CogVLM2: Visual Language Models for Image and Video Understanding
Today's paper introduces CogVLM2, a new family of visual language models for image and video understanding. The CogVLM2 family includes models for image comprehension, video analysis, and bilingual (English-Chinese) visual language tasks. These models aim to enhance vision-language fusion, improve efficiency for high-resolution inputs, and expand into broader modalities and applications.
Method Overview
The CogVLM2 family builds upon previous work in visual language models, but with several key differences. At its core, the models use a Vision Transformer (ViT) encoder to process image inputs, followed by an adapter that bridges visual and linguistic features. This adapter uses a 2x2 convolutional layer and a SwiGLU module to efficiently reduce sequence length while preserving critical image information.
For image understanding, CogVLM2 employs a visual expert architecture that allows for deep fusion of visual and linguistic features without compromising language capabilities. It also incorporates a 2x2 downsampling module to increase input resolution while maintaining efficiency.
CogVLM2-Video extends the architecture to handle video inputs. It introduces multi-frame video images and timestamps as encoder inputs, allowing the model to maintain temporal awareness. This enables capabilities such as temporal localization and timestamp detection.
GLM-4V, another member of the family, is designed for bilingual (English and Chinese) visual language tasks. It uses a similar architecture to CogVLM2 but employs image-language co-training instead of visual experts to preserve language knowledge.
The training process for these models involves both pre-training and post-training phases. In pre-training, they use a combination of existing large-scale image-text datasets and custom-created datasets. These include synthetic OCR datasets, digital world grounding datasets, and recaptioned datasets. The pre-training process employs techniques such as iterative refinement and synthetic data generation to improve data quality and diversity.
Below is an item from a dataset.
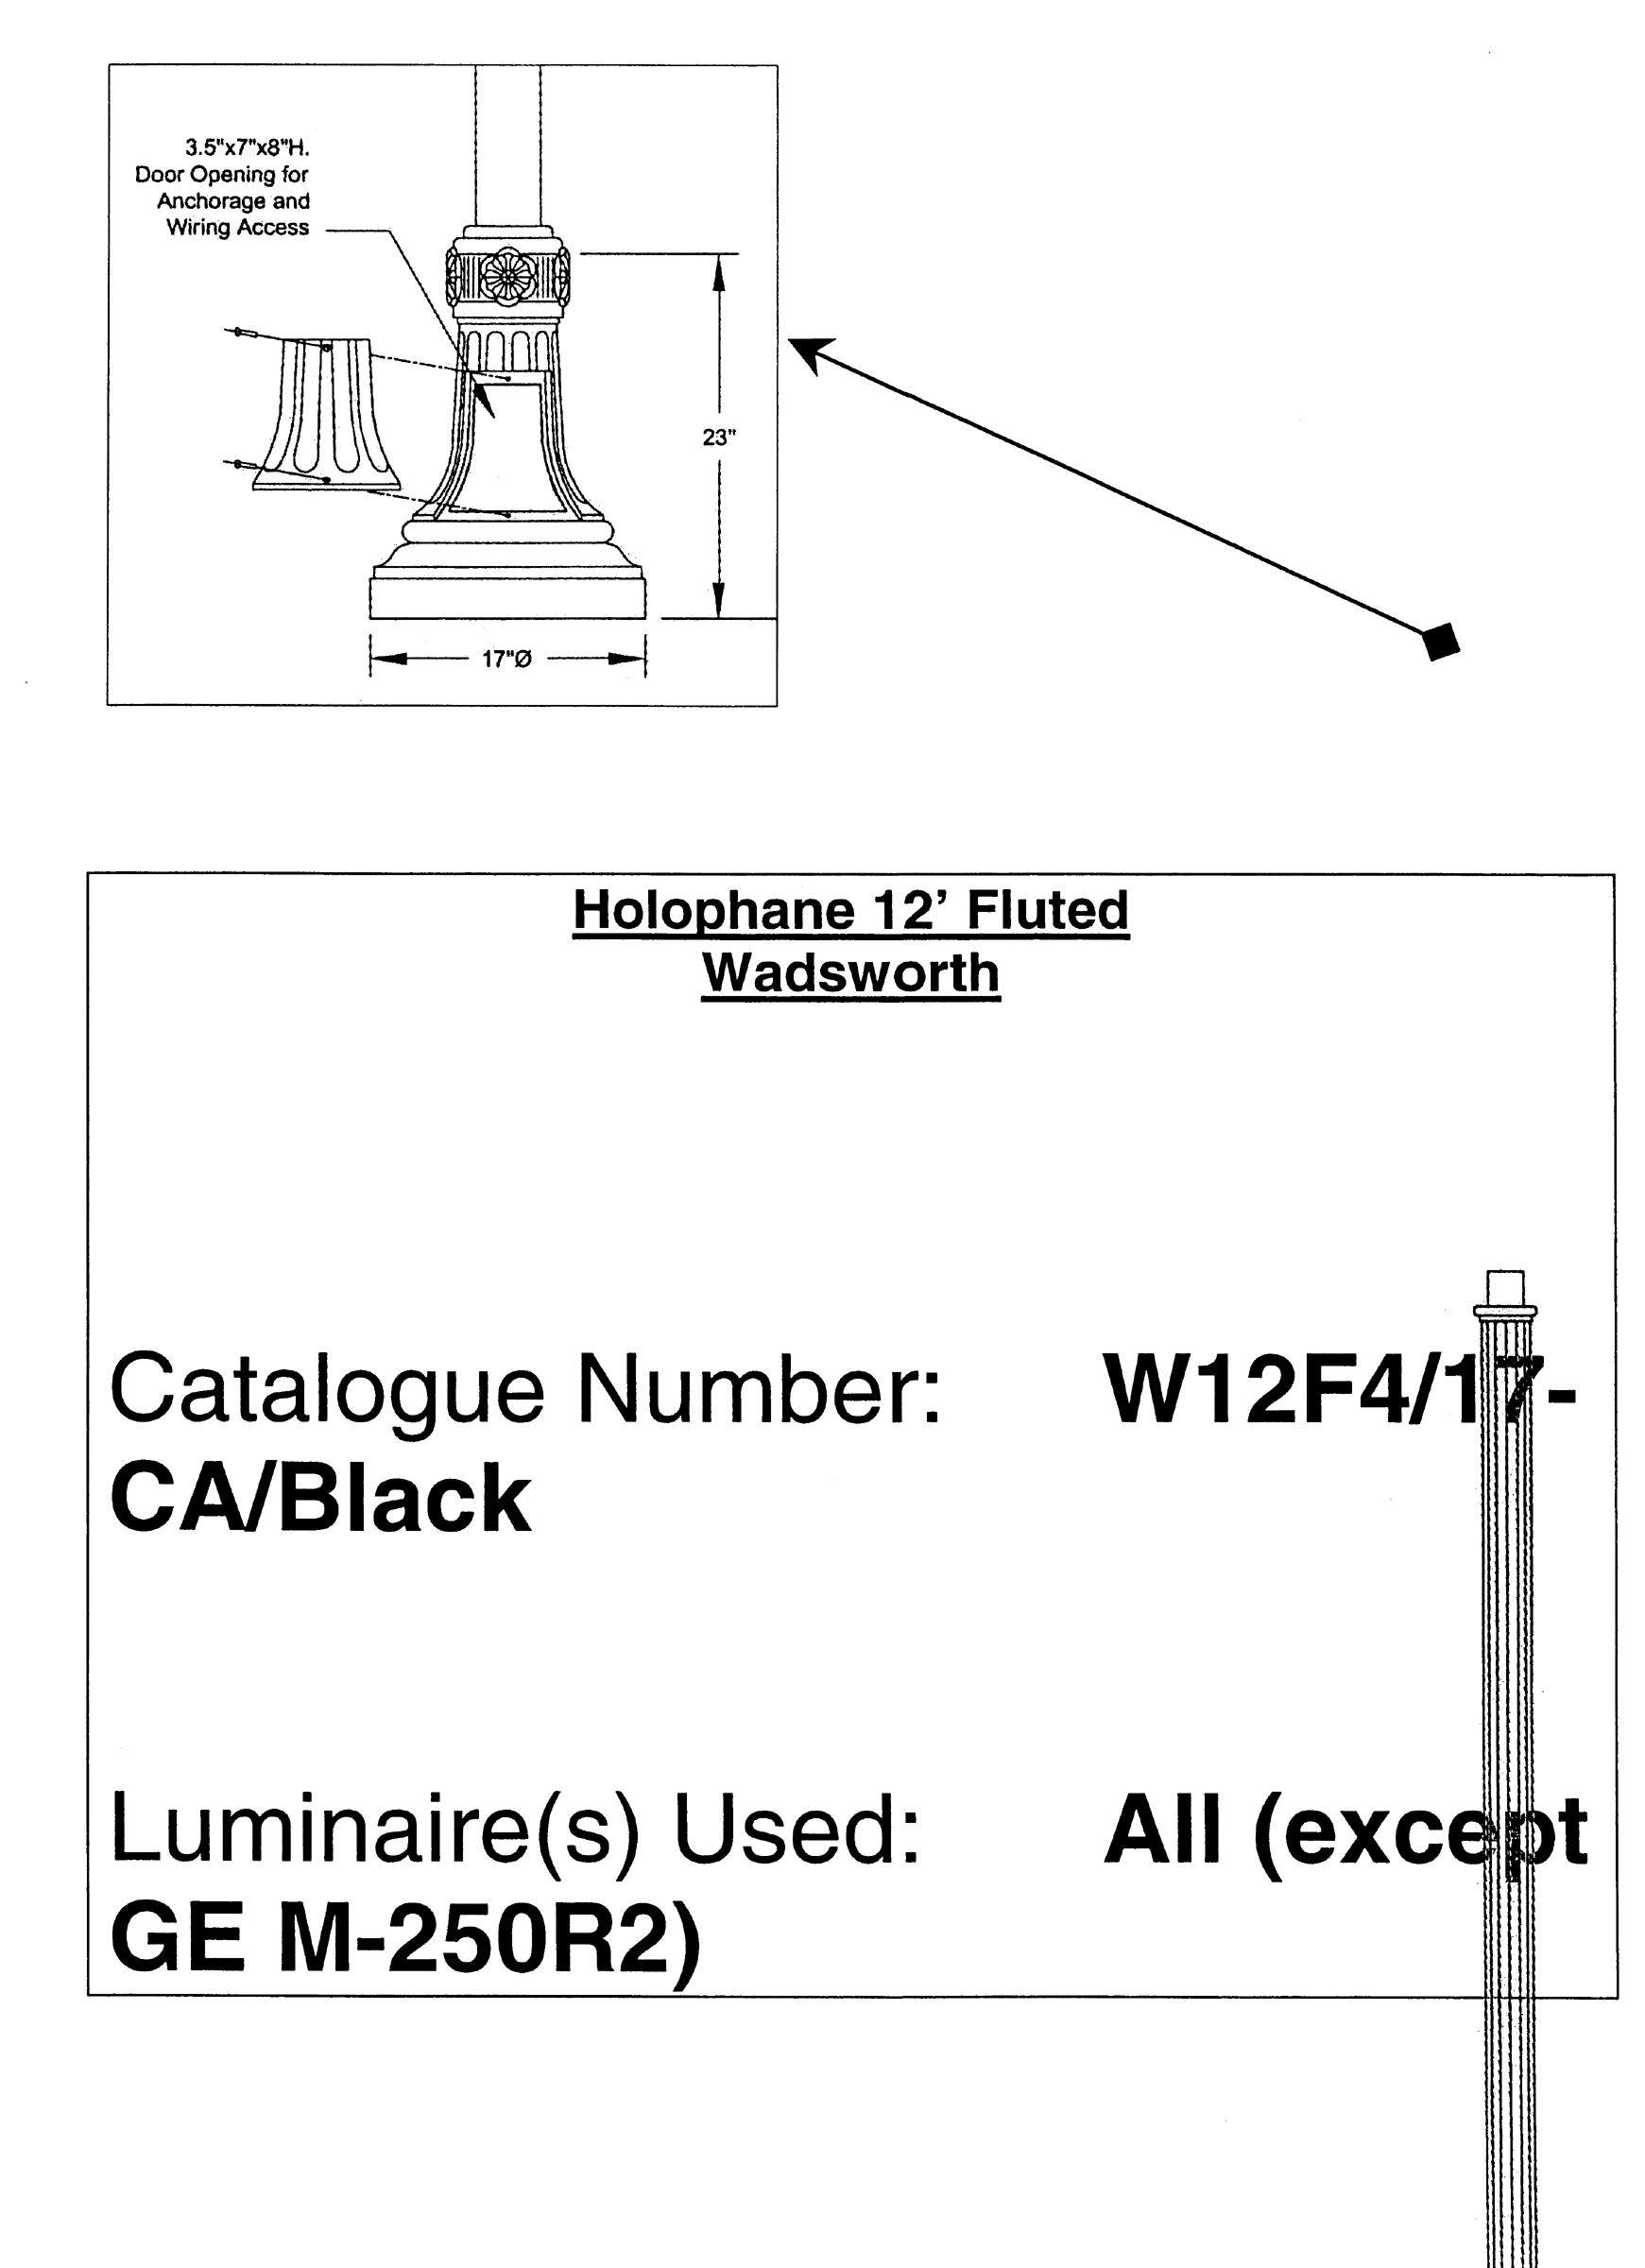 street light wiring diagram street light wire diagram e2 wiring diagram  street light wire diagram e2 wiring
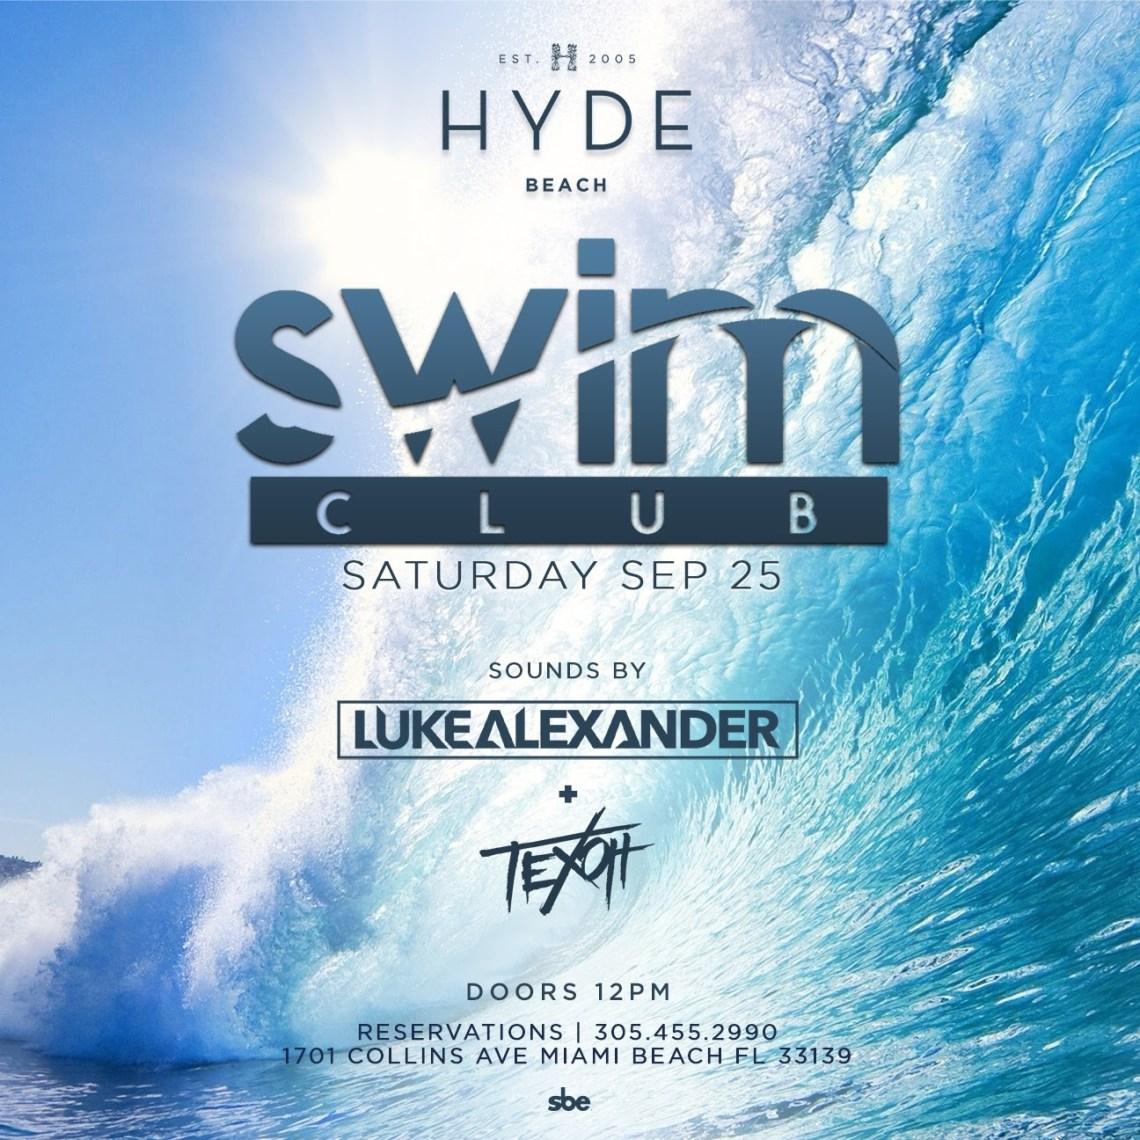 +++ Swim Club Saturday at SLS South Beach Hyde Beach - Luke Alexander & Texoh

Post-training involves fine-tuning on a variety of visual question-answering datasets and carefully annotated alignment corpora. This phase helps to enhance the models' performance on specific tasks and align their outputs with human preferences.
Results
The CogVLM2 family achieves state-of-the-art results on several benchmarks:
CogVLM2 shows strong performance in natural image understanding and OCR capabilities, achieving top scores on benchmarks like MMBench, VCR, MM-Vet, TextVQA, DocVQA, and ChartQA.
GLM-4V-9B shows good results in OCRbench and outperforms other open-source models in tasks like MMStar, AI2D, and MMMU.
CogVLM2-Video achieves state-of-the-art performance on public video understanding benchmarks and excels in video captioning and temporal grounding tasks.
Conclusion
The CogVLM2 family represents a new advancement in visual language models, offering improved vision-language fusion, efficient processing of high-resolution inputs, and expanded capabilities across various modalities. For more information please consult the full paper.
Congrats to the authors for their work!
Hong, Wenyi, et al. "CogVLM2: Visual Language Models for Image and Video Understanding." arXiv preprint arXiv:2408.16500 (2024).